When declared, the inputs parameter indicates that a node will receive a dictionary with the function arguments. The dictionary can have default values or values obtained from the catalog during the pipeline execution. For example, the inputs parameter of the 'n4' node expects the 'c.x' ('c.<item_id>') value to be obtained from the catalog. Note, the 'c.' prefix assumes that there is an item in the catalog that was stored by a predecessor node.

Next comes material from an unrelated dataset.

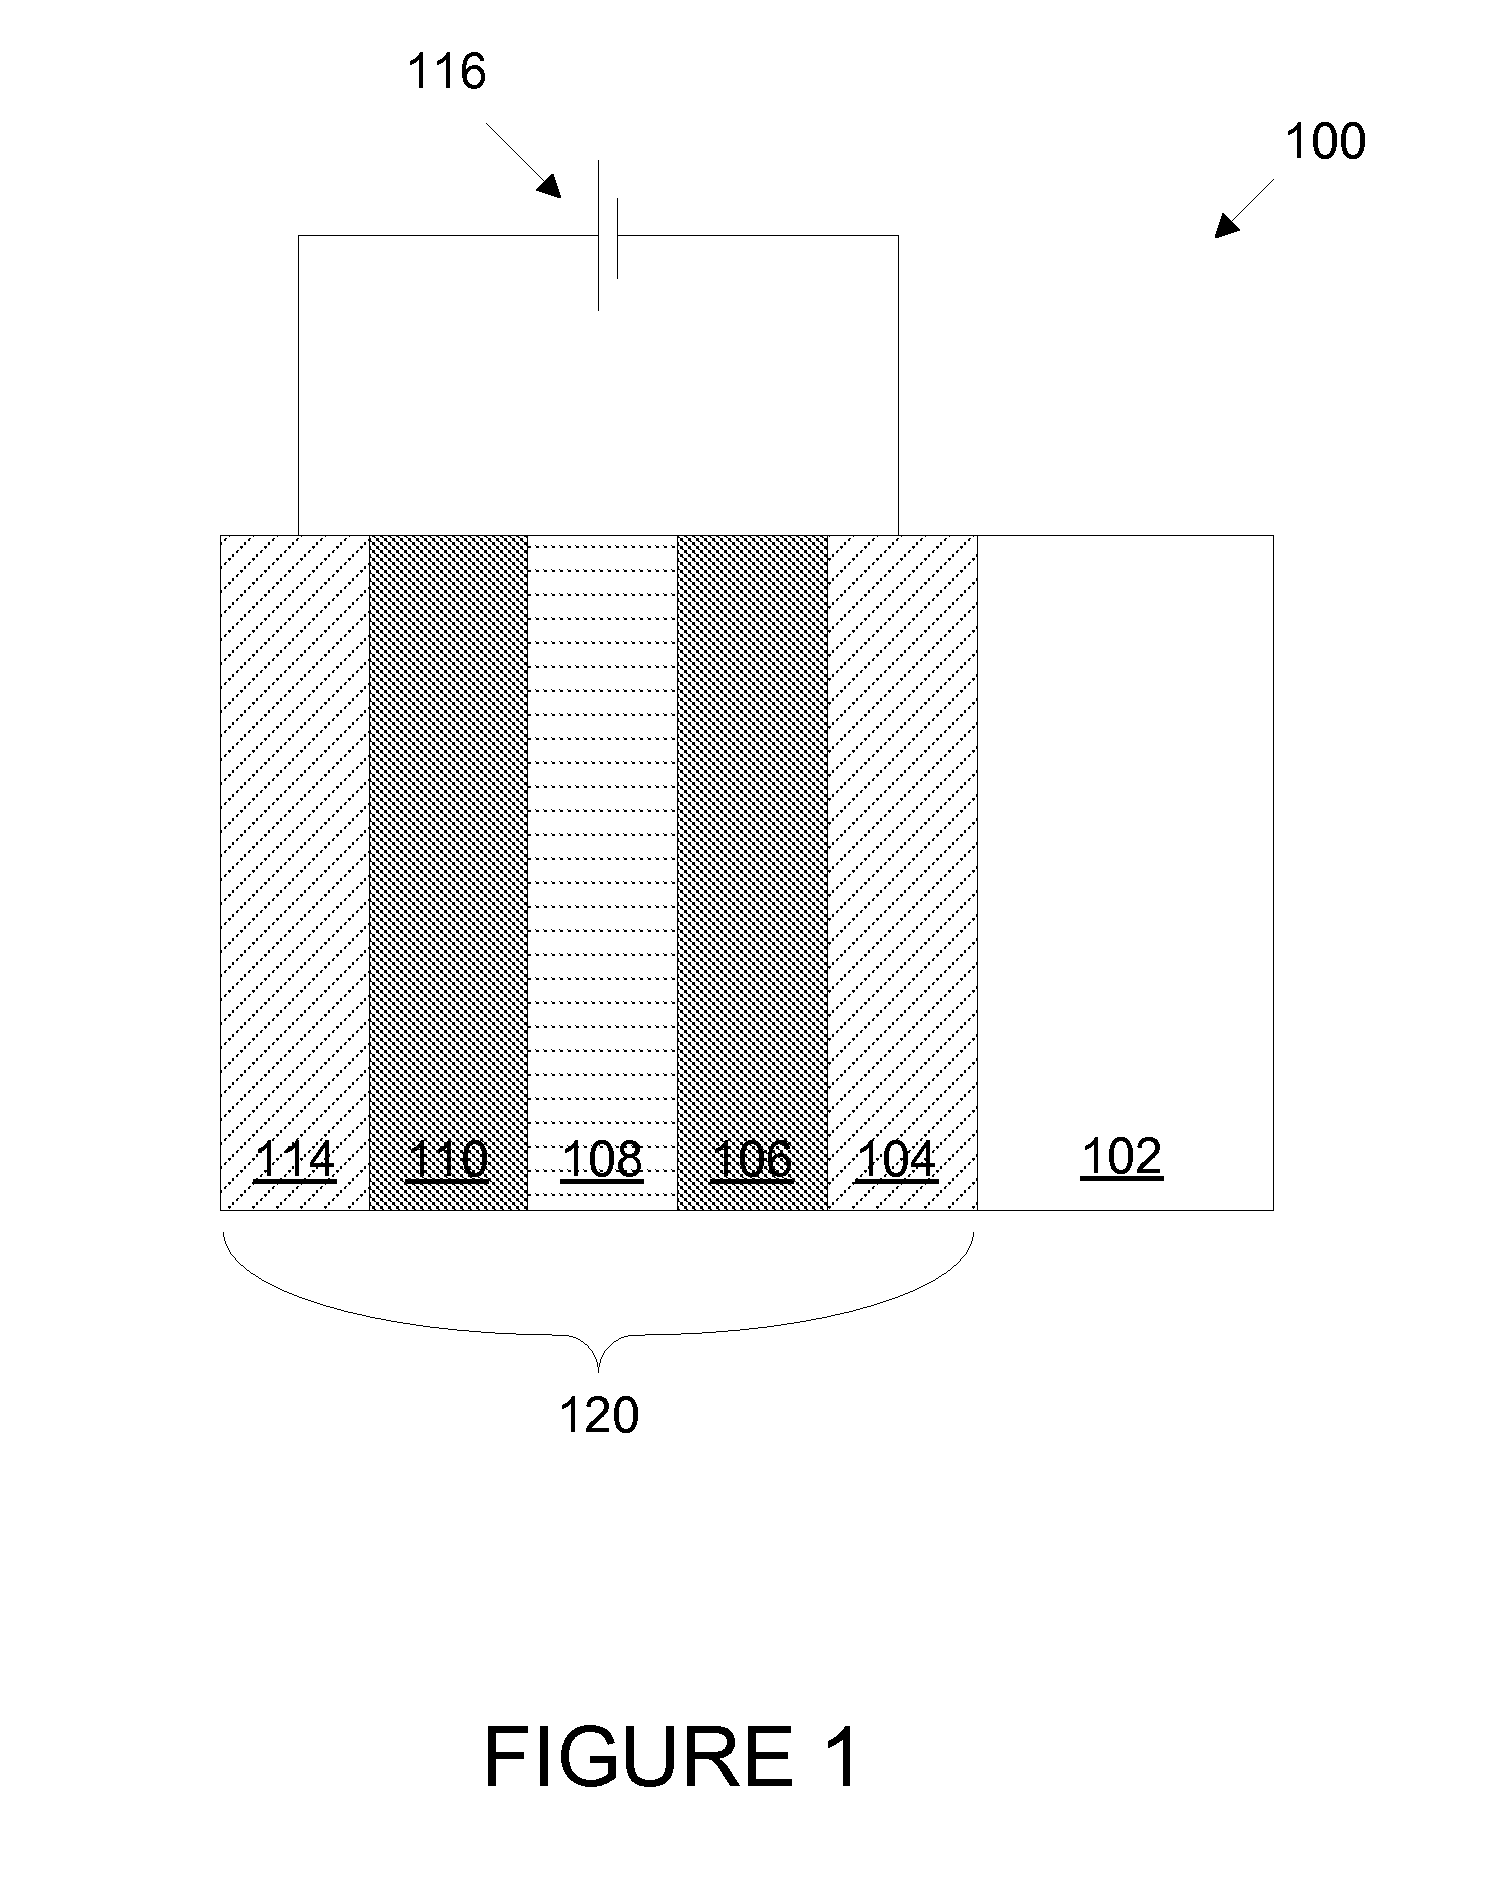 Fabrication of low defectivity electrochromic devices

The connections help determine the order in which the nodes will be executed. For example, 'c1' connection defines that there is a relationship between 'n1' node and 'n2' node where the 'n2' node depends on the execution of the 'n1' node. Note, a node can be declared dependent on another node even though it does not use the outputs of its predecessor node.

**Execution:**

Once the pipeline was built, it can be inserted into an executor. Through the graph inside the pipeline the execution order (topological order) of the nodes is determined by the dependencies between them. Therefore, it is expected that the connections between the nodes form a DAG (Directed Acyclic Graph), if this does not happen, an error will be raised.

```python
executor = SequentialExecutor(pipeline)
executor.execute_pipeline(executor.obtain_topo_order())
```

Currently, only the sequential execution is supported, but soon the executions through concurrency and parallelism will be added.

**Results:**

Below are the log results generated by the pipeline execution. In cases where there are a lot of nodes or the pipeline is called many times inside a loop, it is recommended to turn off the logs.

```shell
[2021-10-26 12:00:21] INFO ipipeline.control.execution - topo_order: [['n1'], ['n2', 'n3'], ['n4']]
[2021-10-26 12:00:21] INFO ipipeline.control.execution - node - id: n1, tags: ['collect']
[2021-10-26 12:00:21] INFO ipipeline.control.execution - node - id: n2, tags: ['process1']
[2021-10-26 12:00:21] INFO ipipeline.control.execution - node - id: n3, tags: ['process2']
[2021-10-26 12:00:21] INFO ipipeline.control.execution - node - id: n4, tags: ['display']
results - x: 2, y: 4, z: 8
```

According to the defined workflow, the nodes were executed in the expected order. The inner lists of the topological order must always be executed in order, however, the elements within them can be executed simultaneously. As in this case the SequentialExecutor class was used, the nodes will be executed as if the topological order were a flat list.